The proposed method was implemented using CUDA C on a heterogeneous multi-GPU system. The CUDA driver version is 10.1. Each GPU has two copy engines for concurrent copy and kernel execution. The system comprised an Intel Core I7-9800x CPU (3.8 GHz, 8 cores, 16 threads, 32 GB main memory; Intel: Santa Clara, CA, USA) and three GPUs, whose specifications are listed in Table 11: NVIDIA TITAN_Xp, NVIDIA GeForce GTX1060, and NVIDIA GeForce GTX1050 (NVIDIA: Santa Clara, CA, USA). OSEM_Inner_S1 was used to calculate the pixel weights of the system matrix through ray tracing.

Experimental data were collected by using a custom-built micro-CT in our laboratory. CT scanning was performed under dose conditions with a tube voltage of 70 kV, current of 0.05 mAs (0.838 µGy/s). The image detector had a pixel size of 0.075 mm and matrix size of 1944 × 1536. The experimental phantom was QRM HA phantom, which houses five cylindrical inserts containing various densities of calcium hydroxyapatite (HA0, HA100, HA200, HA400, and HA800). HA densities specified 0, 100, 200, 400 and 800 mg HA/

{cm}^{3}

. All the images were reconstructed using OS-MLTR algorithms with similar spatial resolution. The subset of OS-MLTR was 10, and the iteration number was 10 (stopping criterion: root mean square error < 0.015). The root mean squared error (RMSE) was used as the stopping criterion for Pseudocode in Algorithm 2.

4. Results

Figure 2A,C shows the target object of the CT scanning, which is a QRM HA phantom. Figure 2B shows reconstructed image produced using OS-MLTR using our proposed multiple GPUs. (SID = 127 mm, SOD = 78.5928 mm).

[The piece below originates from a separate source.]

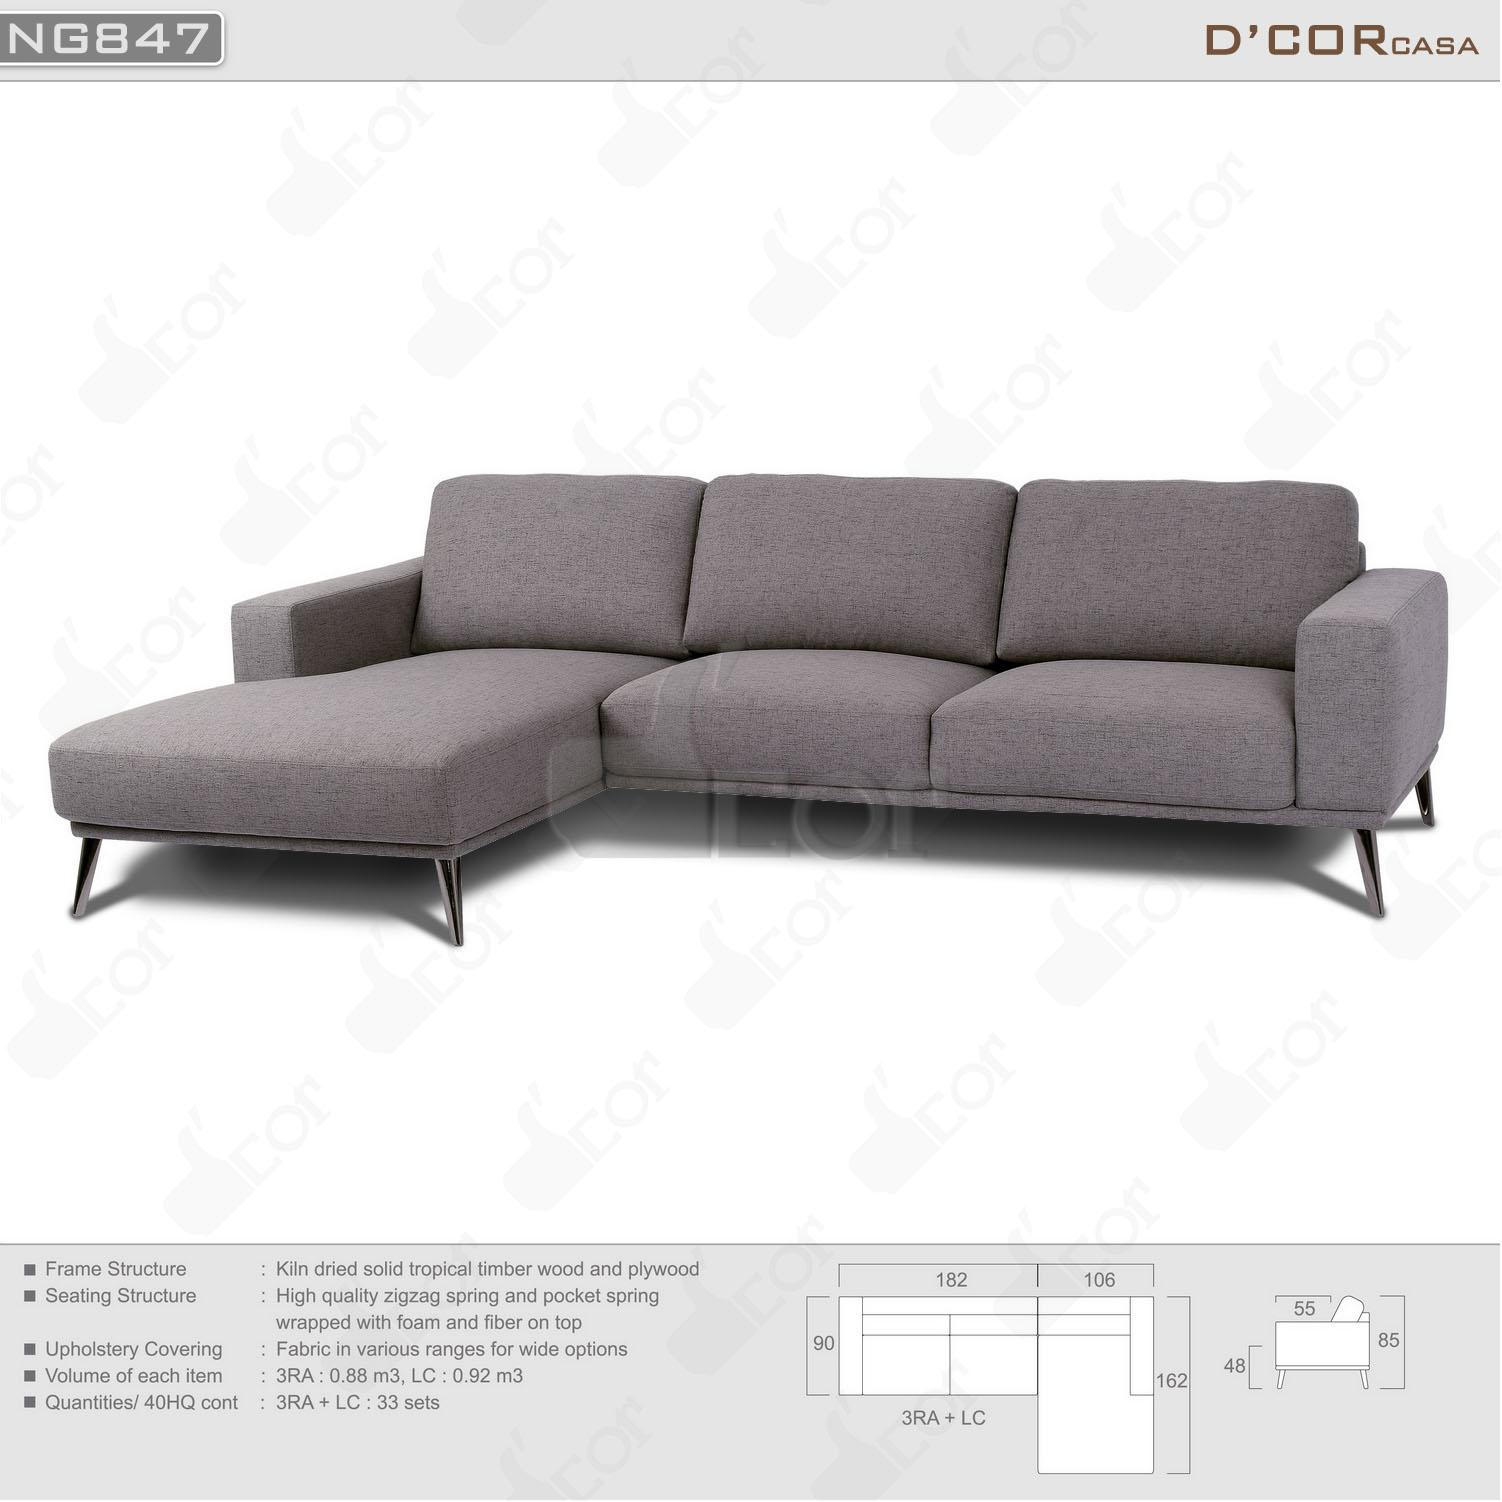 Mẫu sofa Malaysia góc nỉ đẹp trang nhã- NG847.

Table 12 compares the runtimes of three scenarios using OS-MLTR image reconstruction. Scenario A involves image reconstruction on a single GPU of Nvidia Titan-XP. Scenario B utilizes a first-in-first-out (FIFO) device scheduling algorithm for heterogeneous multiple GPUs. Scenario D has the same hardware settings as Scenario B. However, they employ different device task scheduling methods, utilizing the job queue to increase the speed of system matrix calculations on the GPU. Scenario C consists of two identical GPUs, one of Titan and one of the GTX-1050 and uses the job queue method to reconstruct image. We also compared homogeneous and heterogeneous scenarios using job queue scheduling. Scenarios E, F, G, H, and I involve combinations of two GPUs. Homogeneous scenarios consist of two identical GPUs of either Titan or GTX-1050, while heterogeneous scenarios involve combinations of Titan, GTX-1060, and GTX-1050, respectively.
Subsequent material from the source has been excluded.